# TRY IT
The response should consist only of the lines from the one with "Adam Long Sculpture" to the end of the data below, copied exactly and without pictures.

# DATA SECTION
==============================
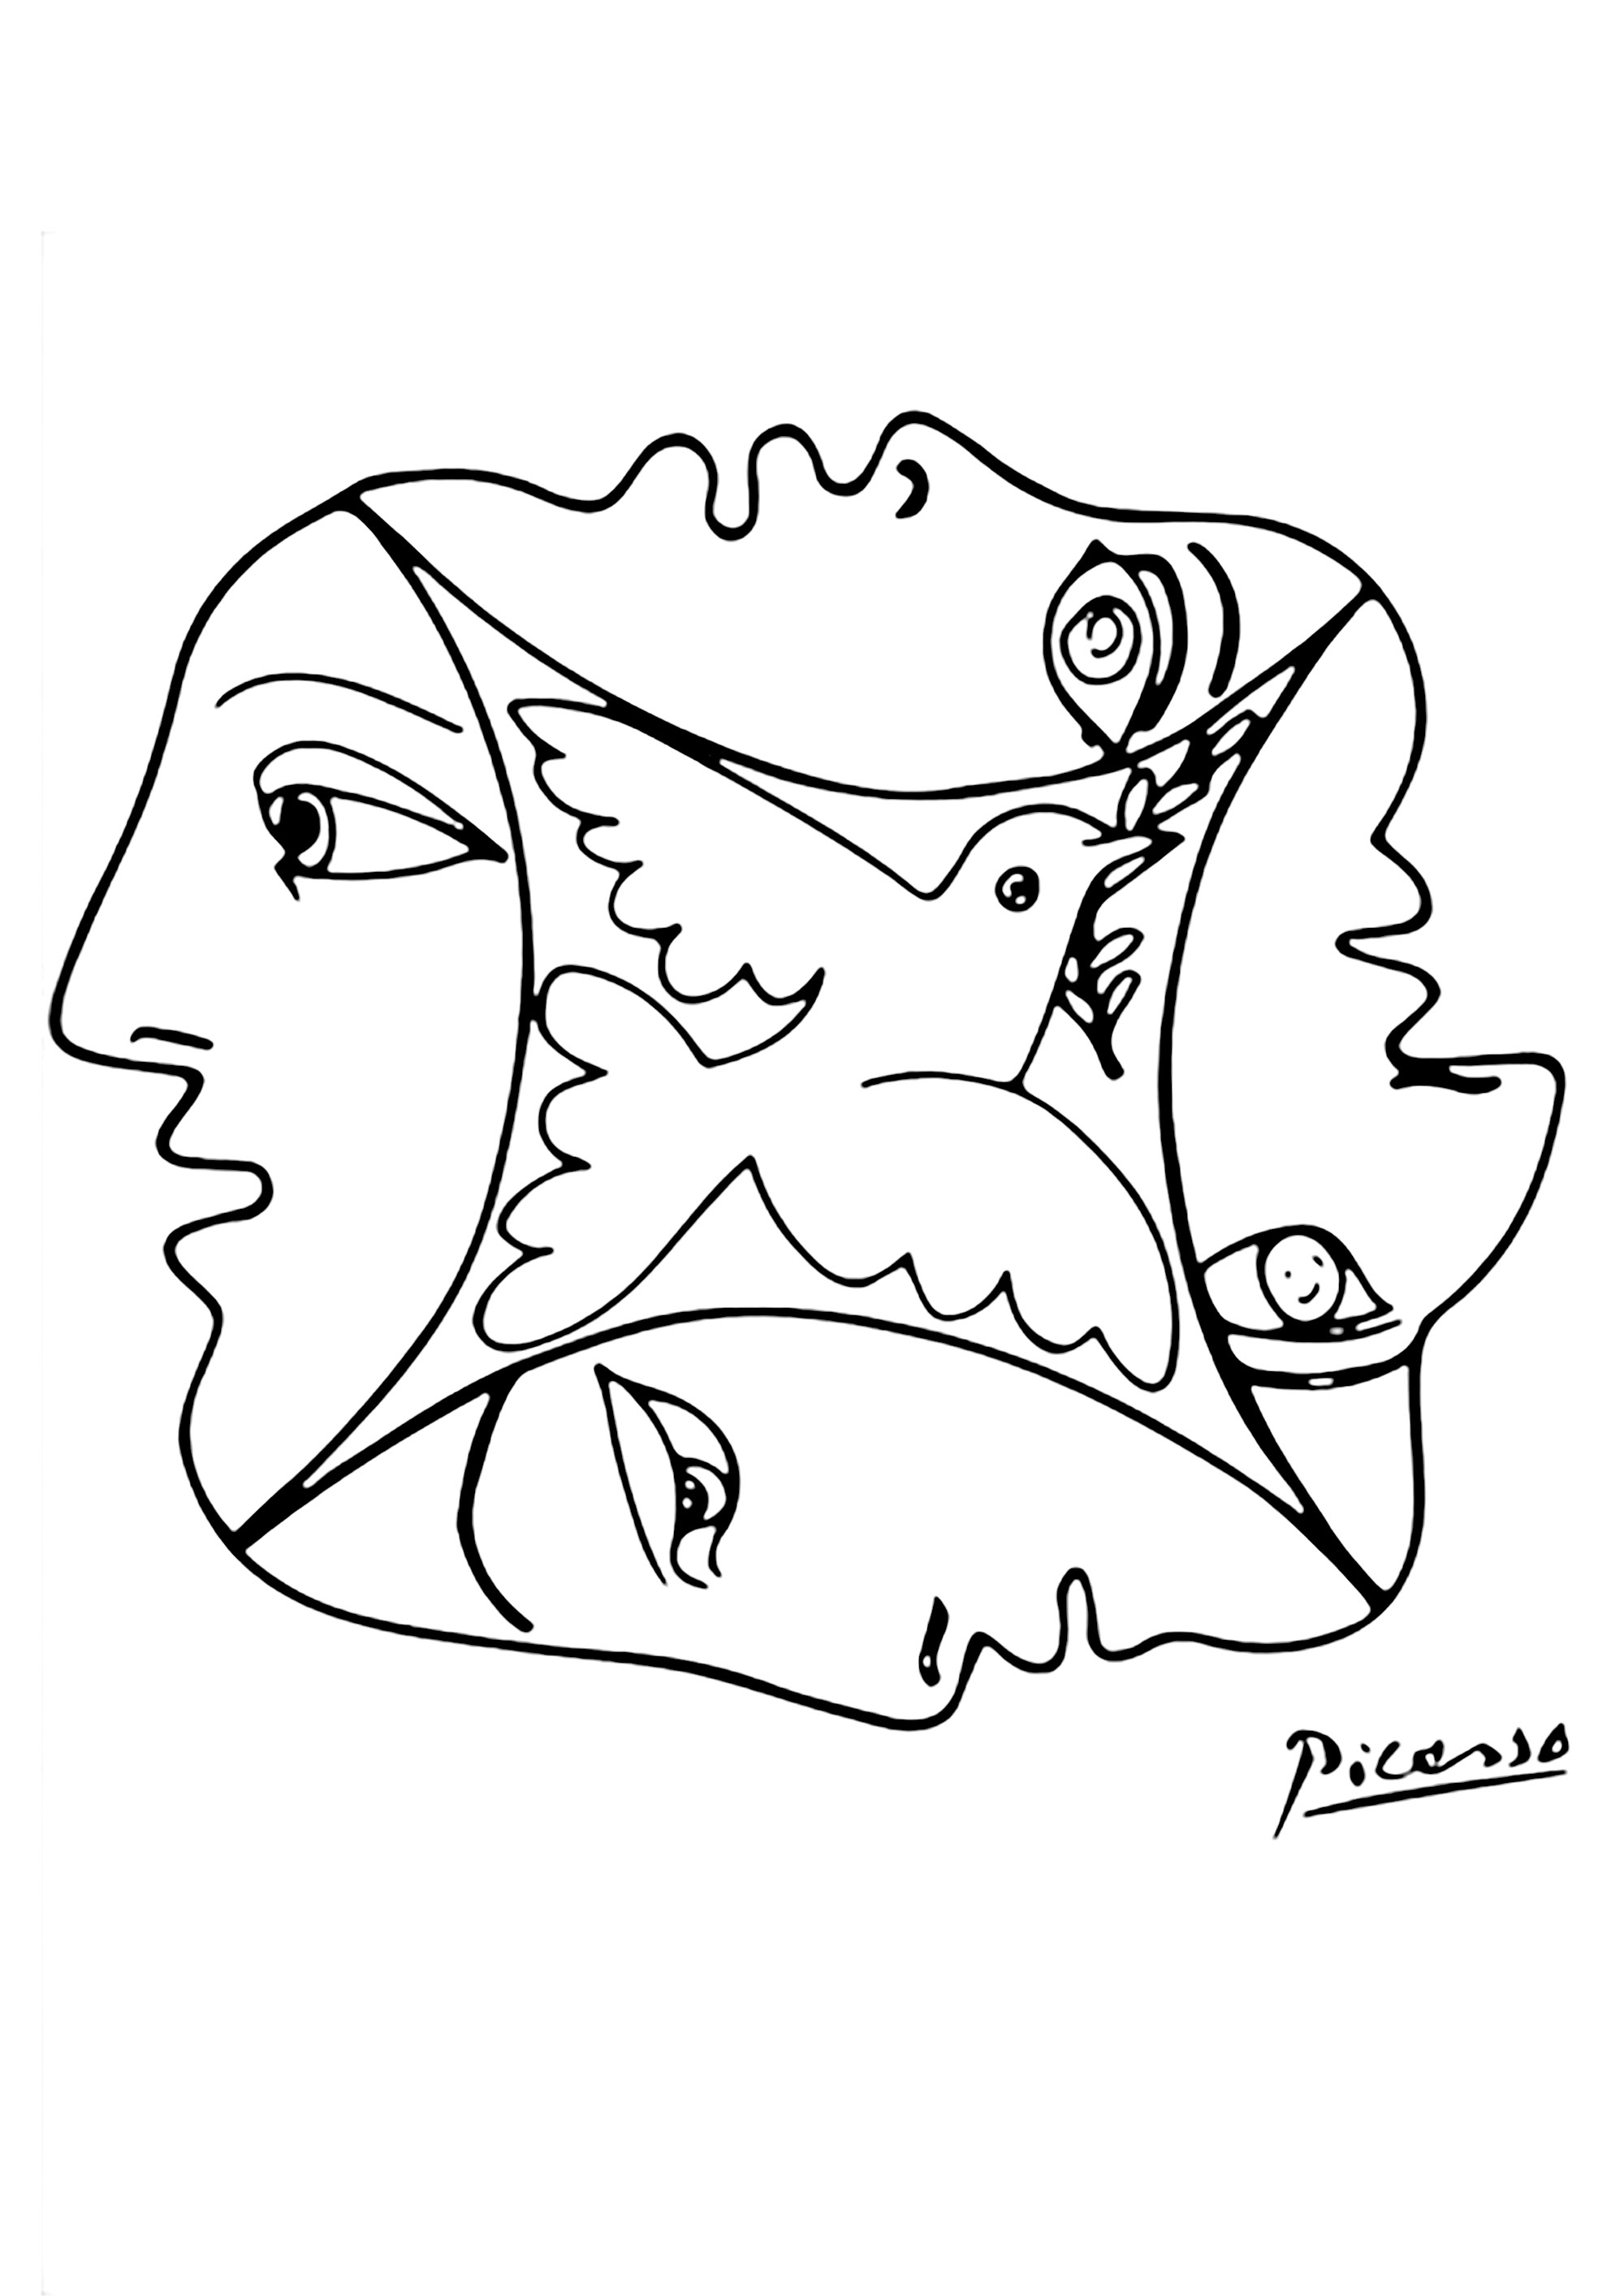 Colorazione creata da un disegno di Pablo Picasso con volti e una colomba. Magnifico disegno che simboleggia la pace e la fraternità
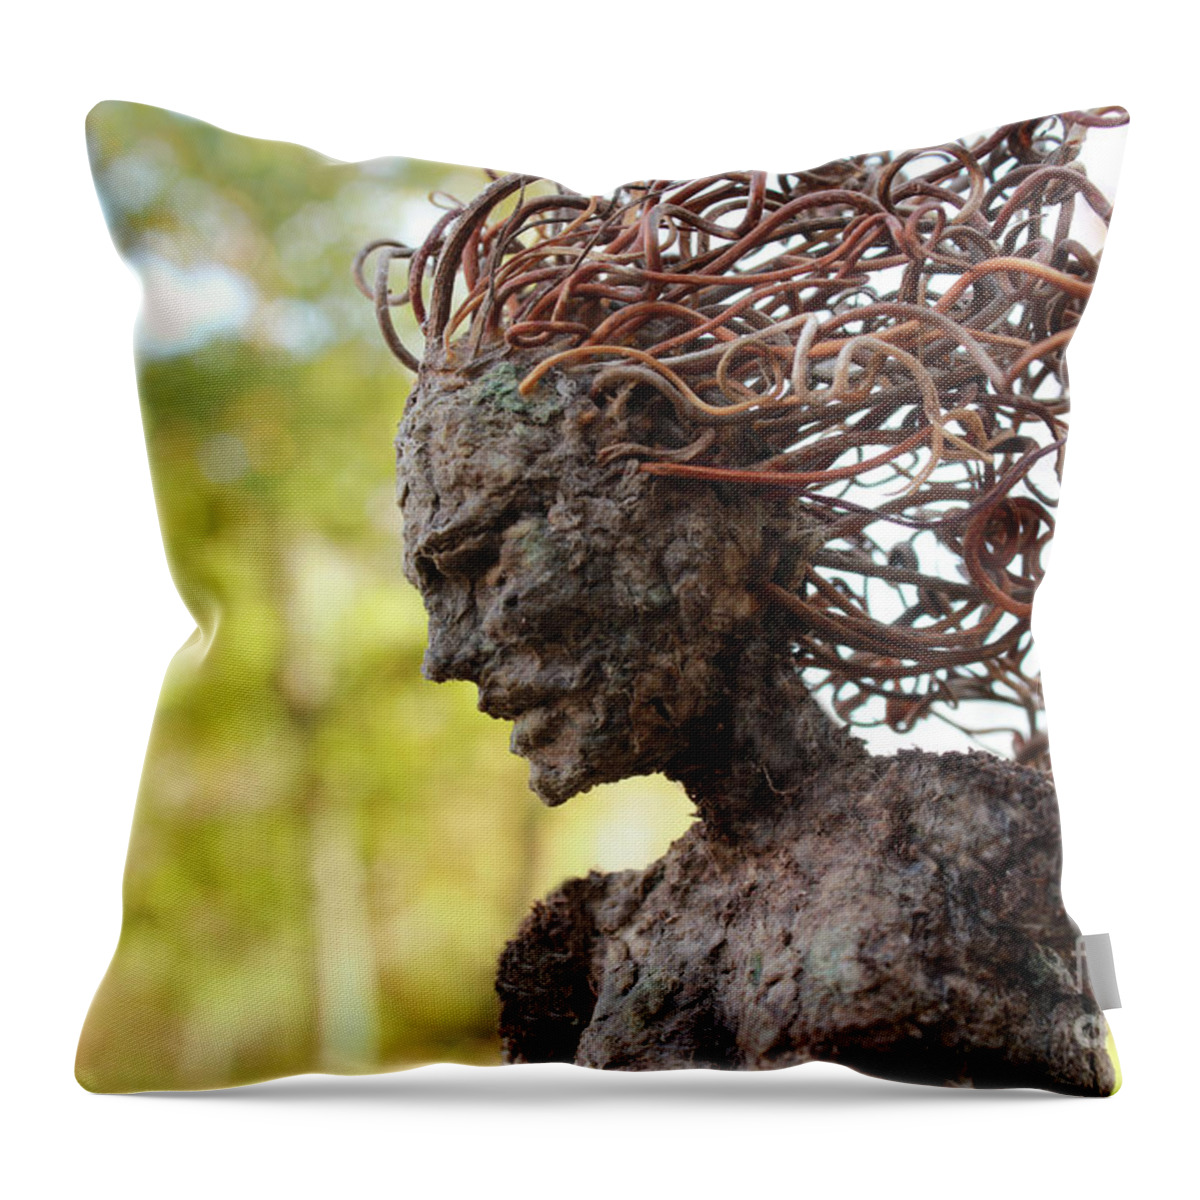 Adam Long Sculpture Throw Pillow featuring the sculpture Watch Me Go video still Autumn scene by Adam Long
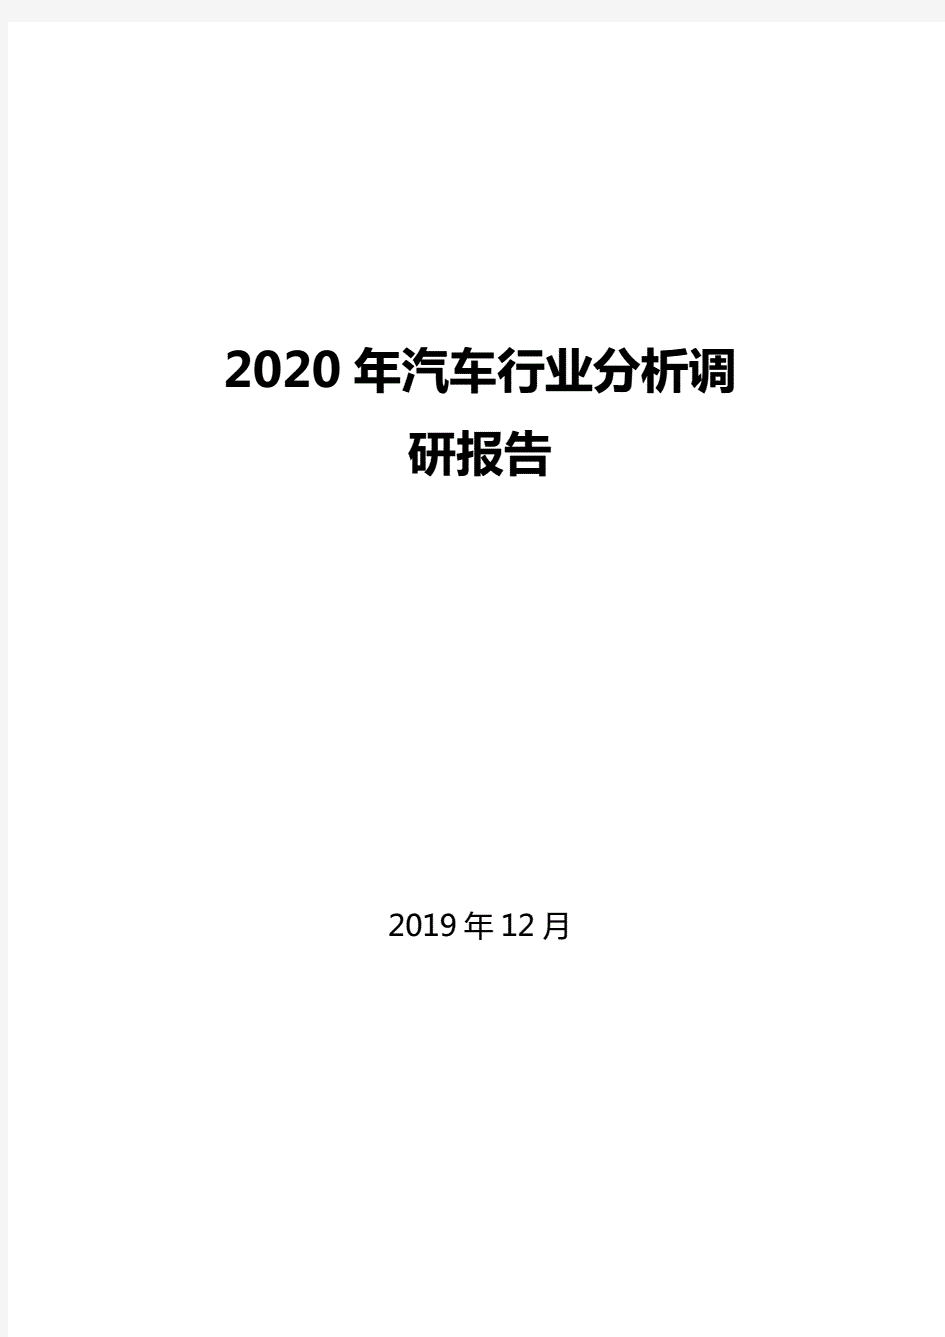 2020年汽车行业市场调研分析报告.
==============================
# RESULT OF THE EXERCISE
 Adam Long Sculpture Throw Pillow featuring the sculpture Watch Me Go video still Autumn scene by Adam Long
 2020年汽车行业市场调研分析报告.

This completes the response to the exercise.